### [TASK GOAL]
Would you transcribe exactly the lines from the one containing "an old wooden" to the last line of the data below, both ends included, but none of the pictures?

### [COLLECTED MATERIAL]
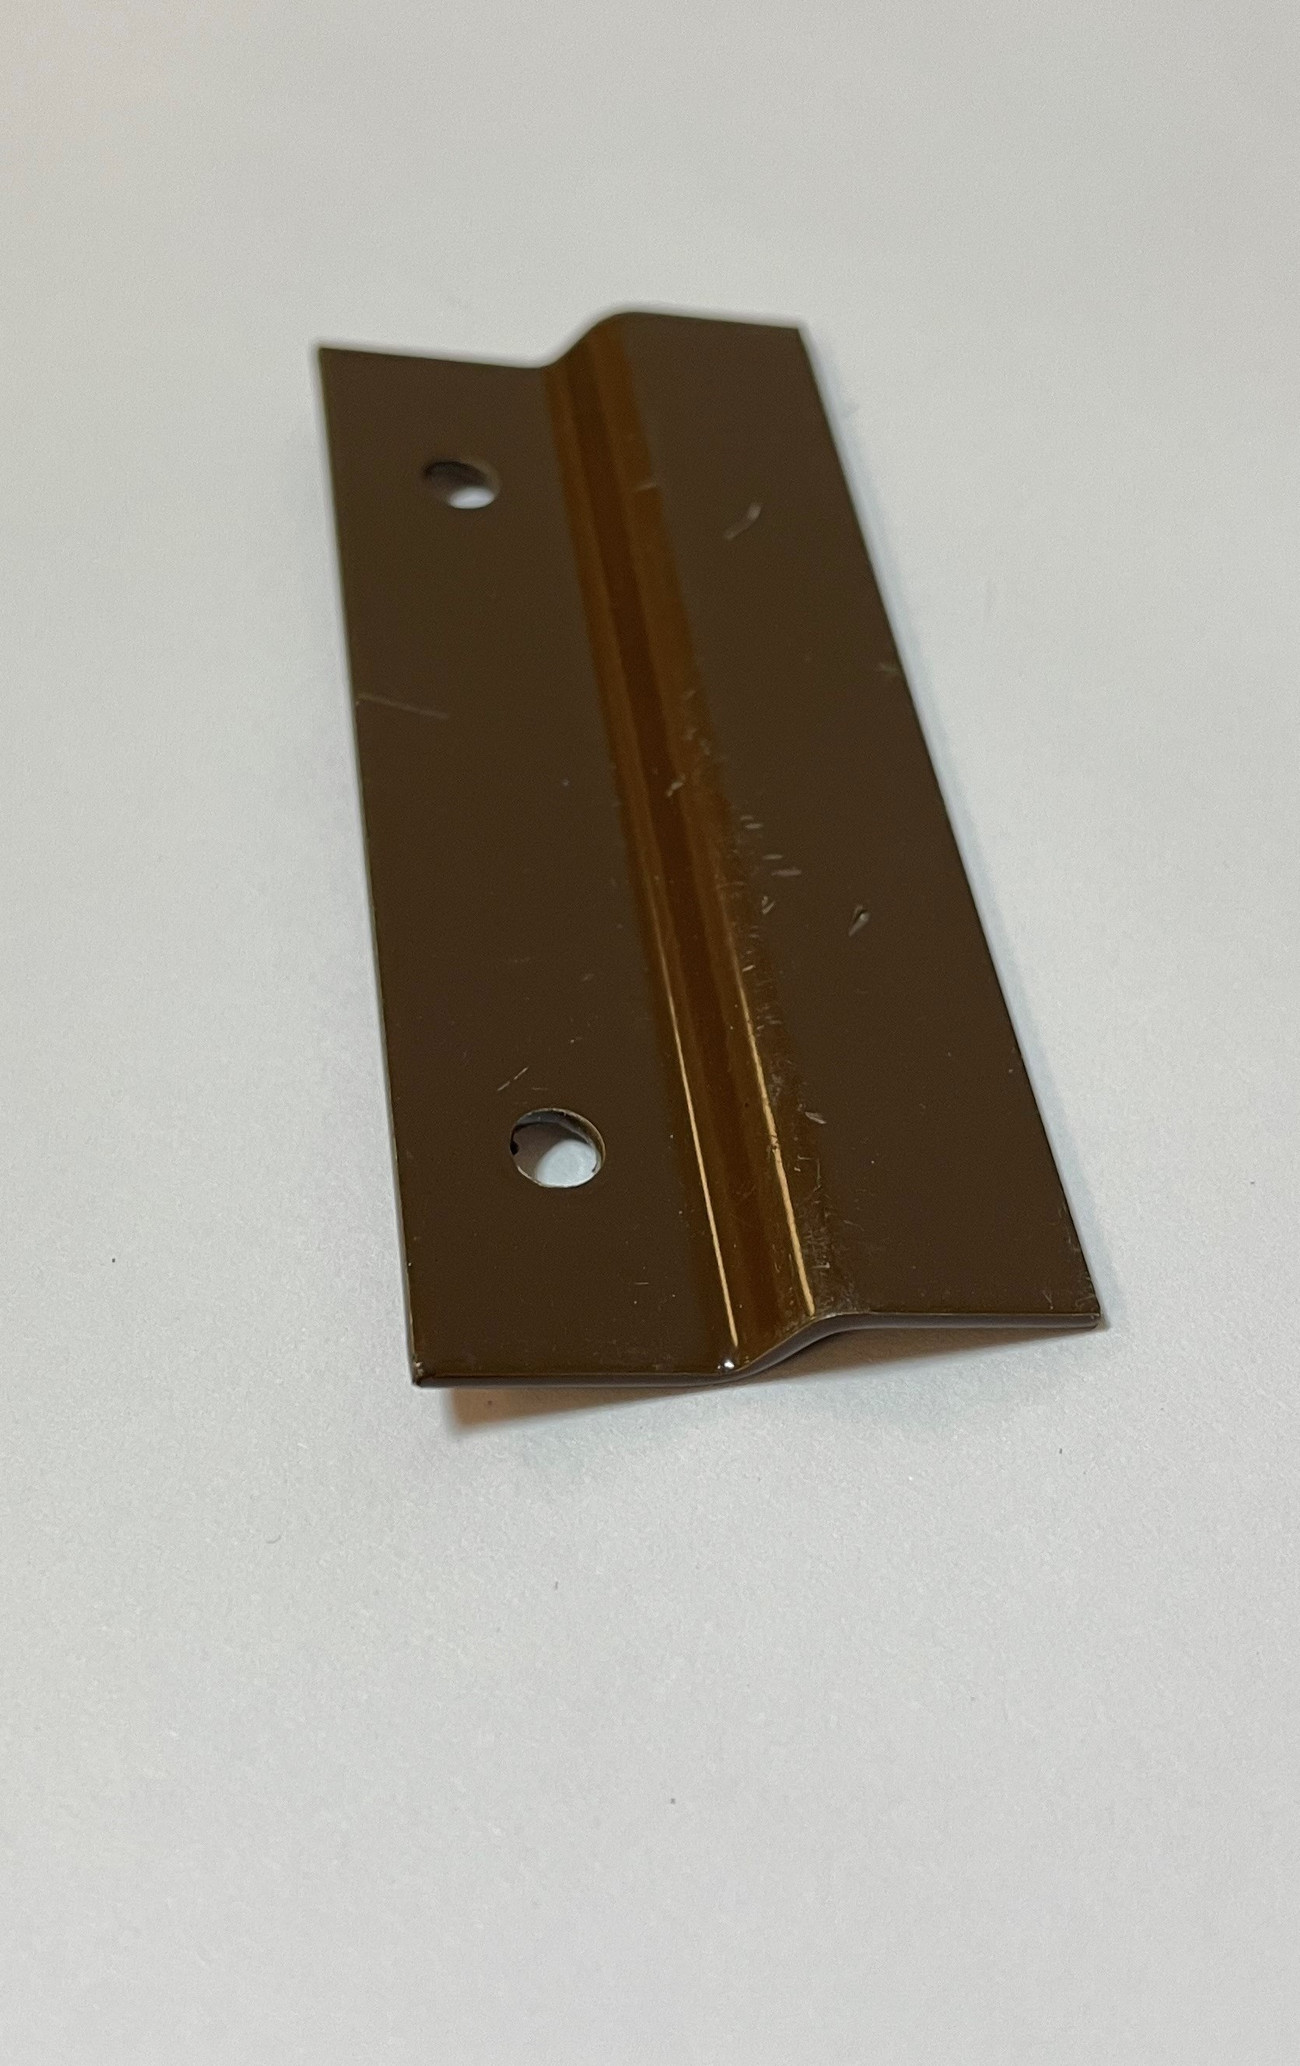 Brown Bead Bracket. Suitable for areas such as doorways or conservatories where the hanging location is brown. these brackets will blend in so they will not have to be removed between seasons. All fixtures and fittings are supplied in the bracket pack to allow you to easily install.
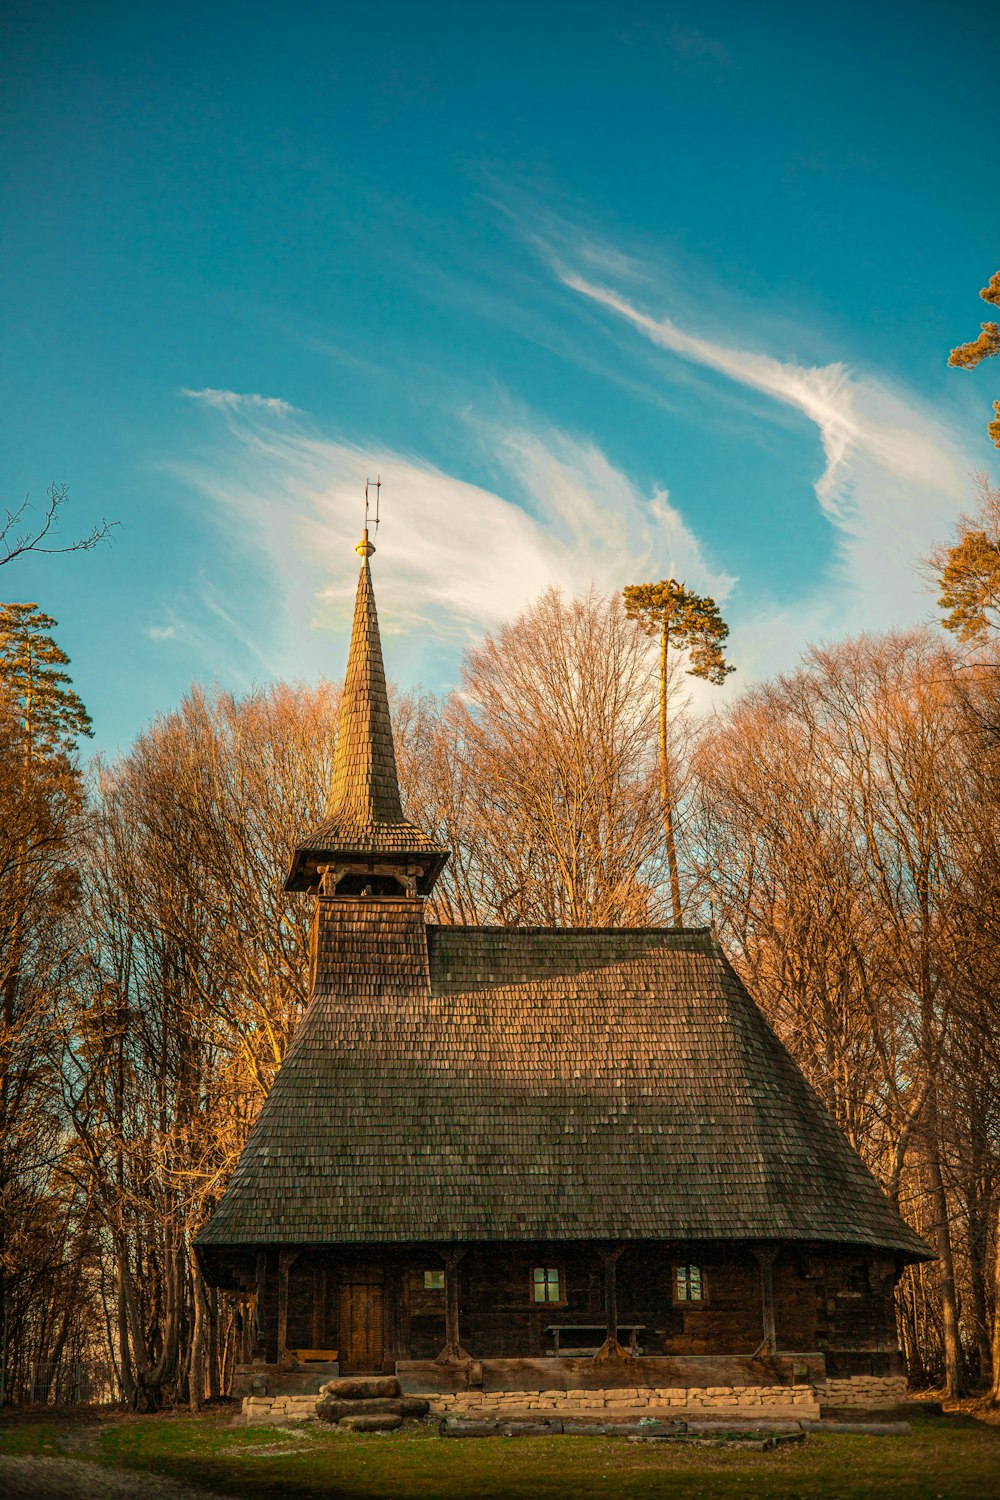 an old wooden church with a steeple surrounded by trees
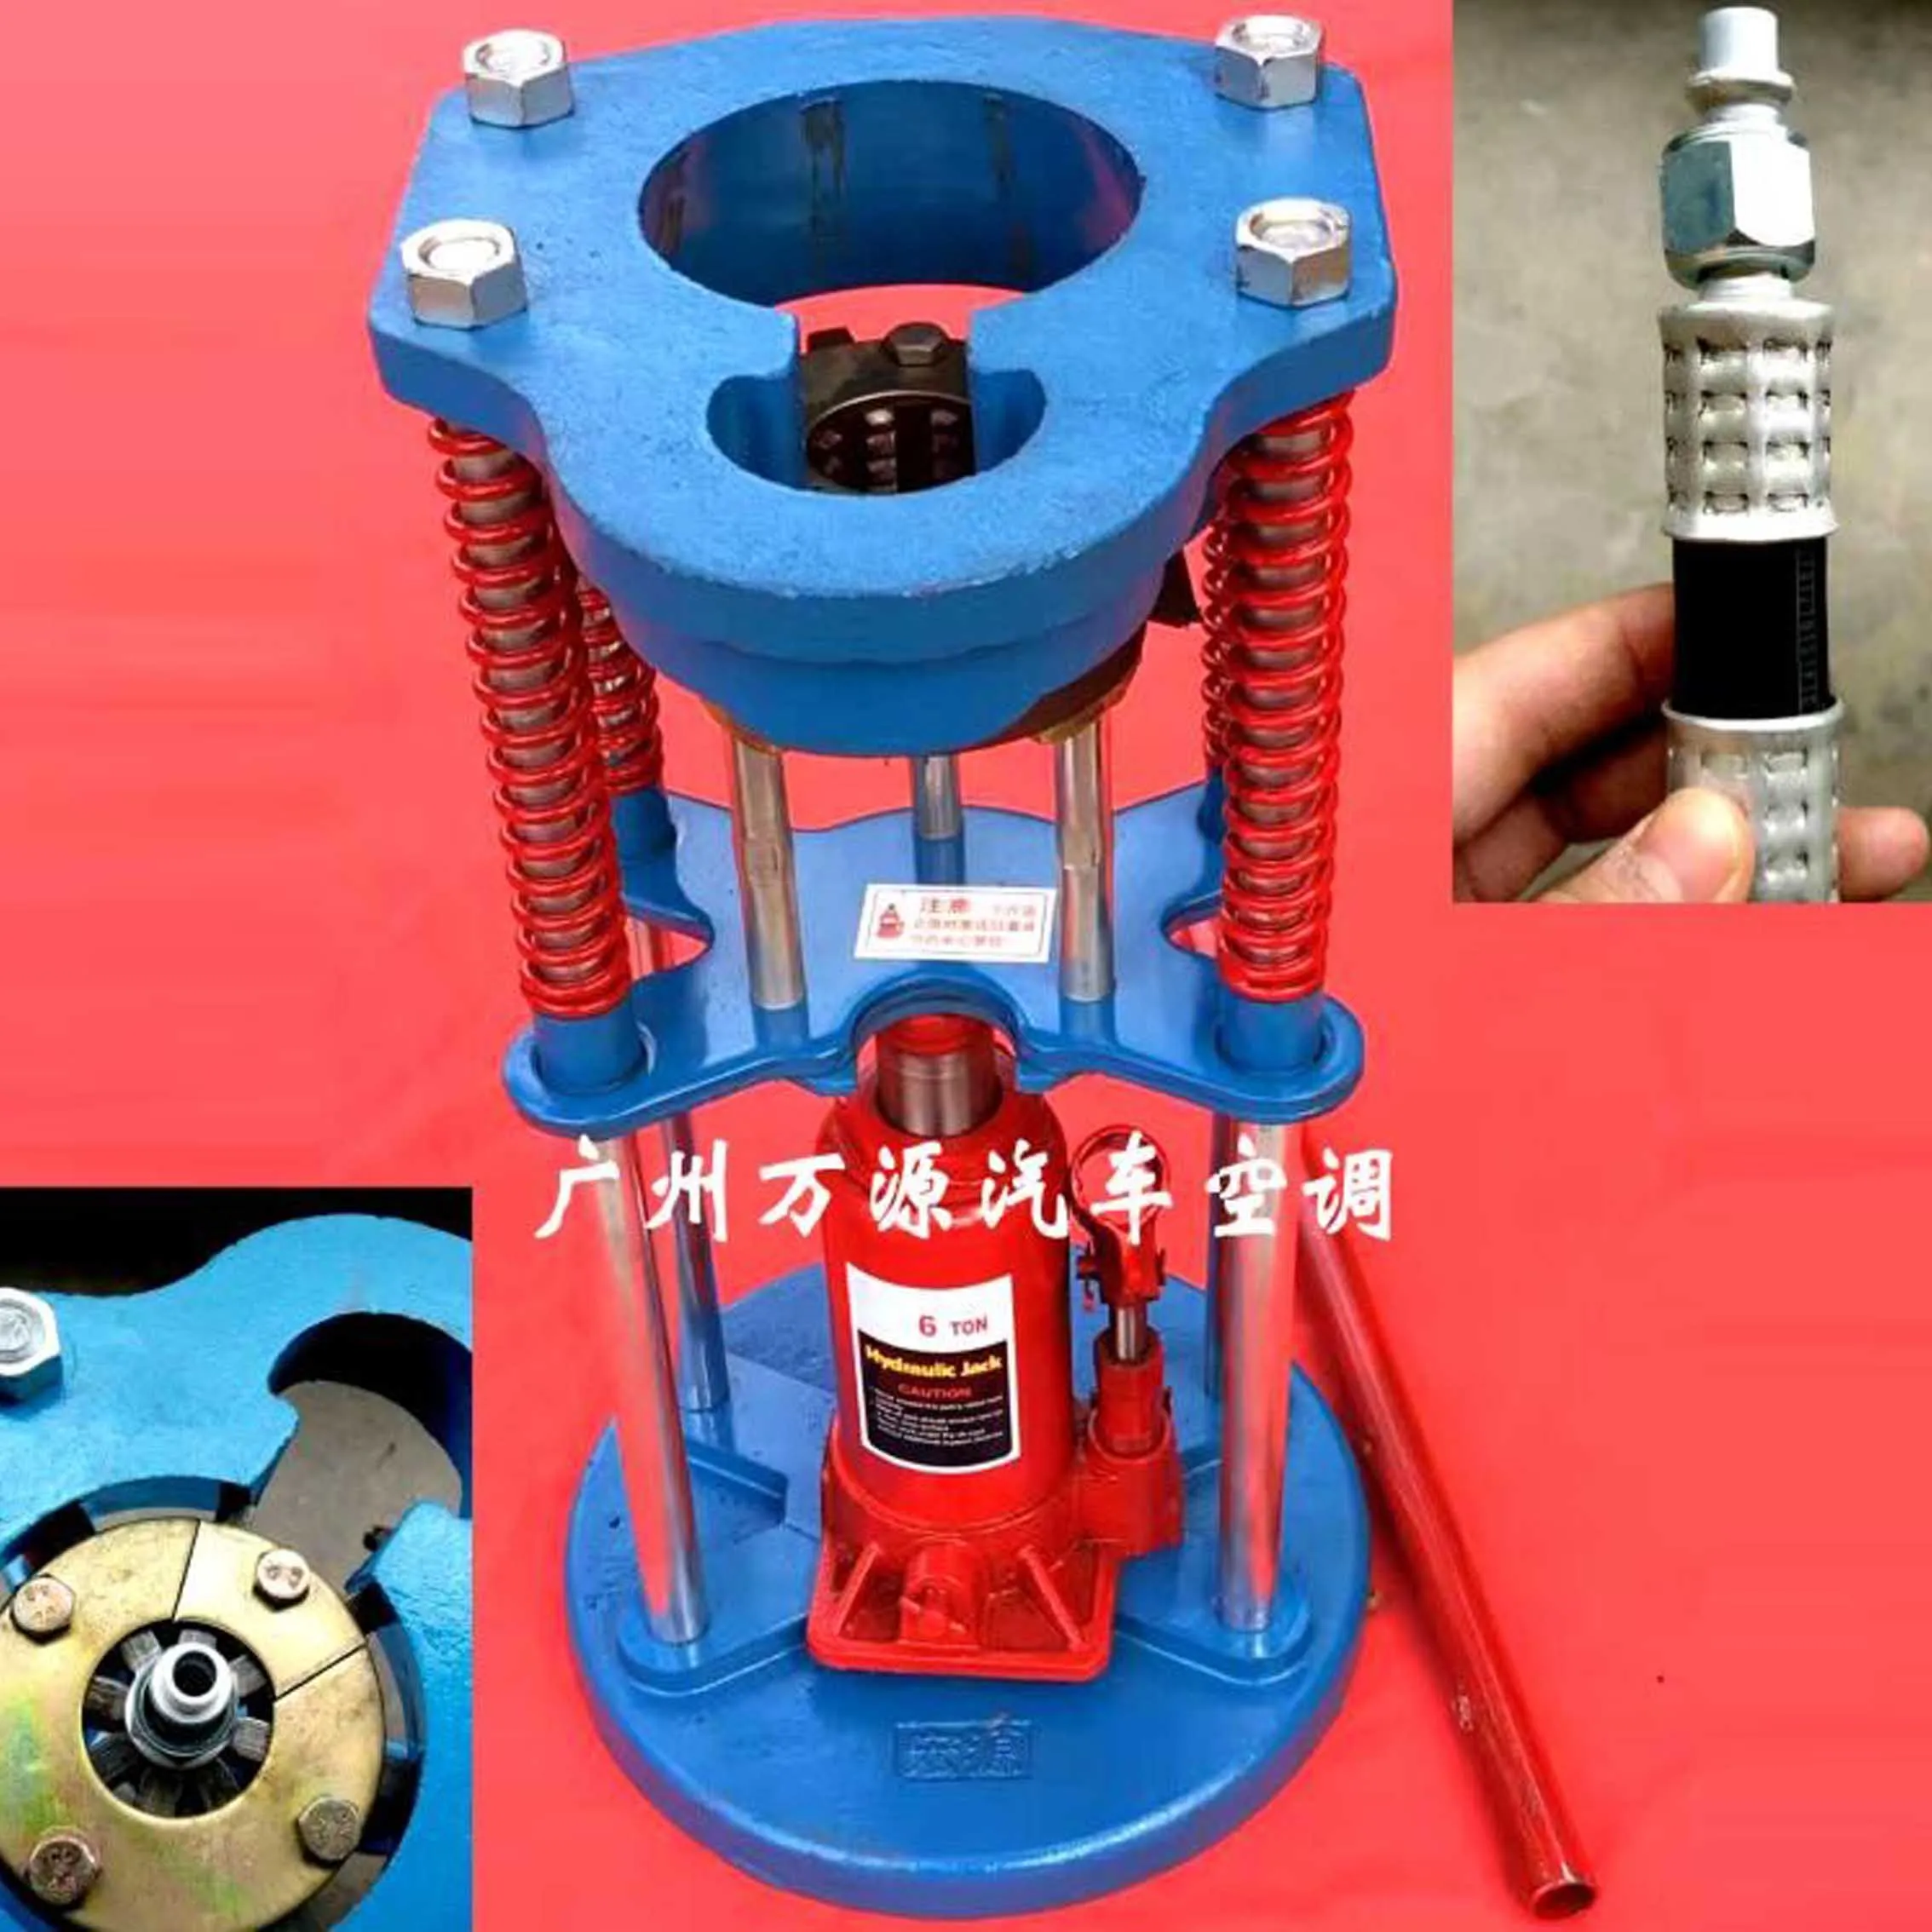 Multi Functional Manual Pipe Crimper Pipe Locking Machine For Auto A/C Hose  R134a R12 Pipe Connector #6 #8 #10 #12 #14 AliExpress

### [RESPONSE BELOW]
 an old wooden church with a steeple surrounded by trees
 Multi Functional Manual Pipe Crimper Pipe Locking Machine For Auto A/C Hose  R134a R12 Pipe Connector #6 #8 #10 #12 #14 AliExpress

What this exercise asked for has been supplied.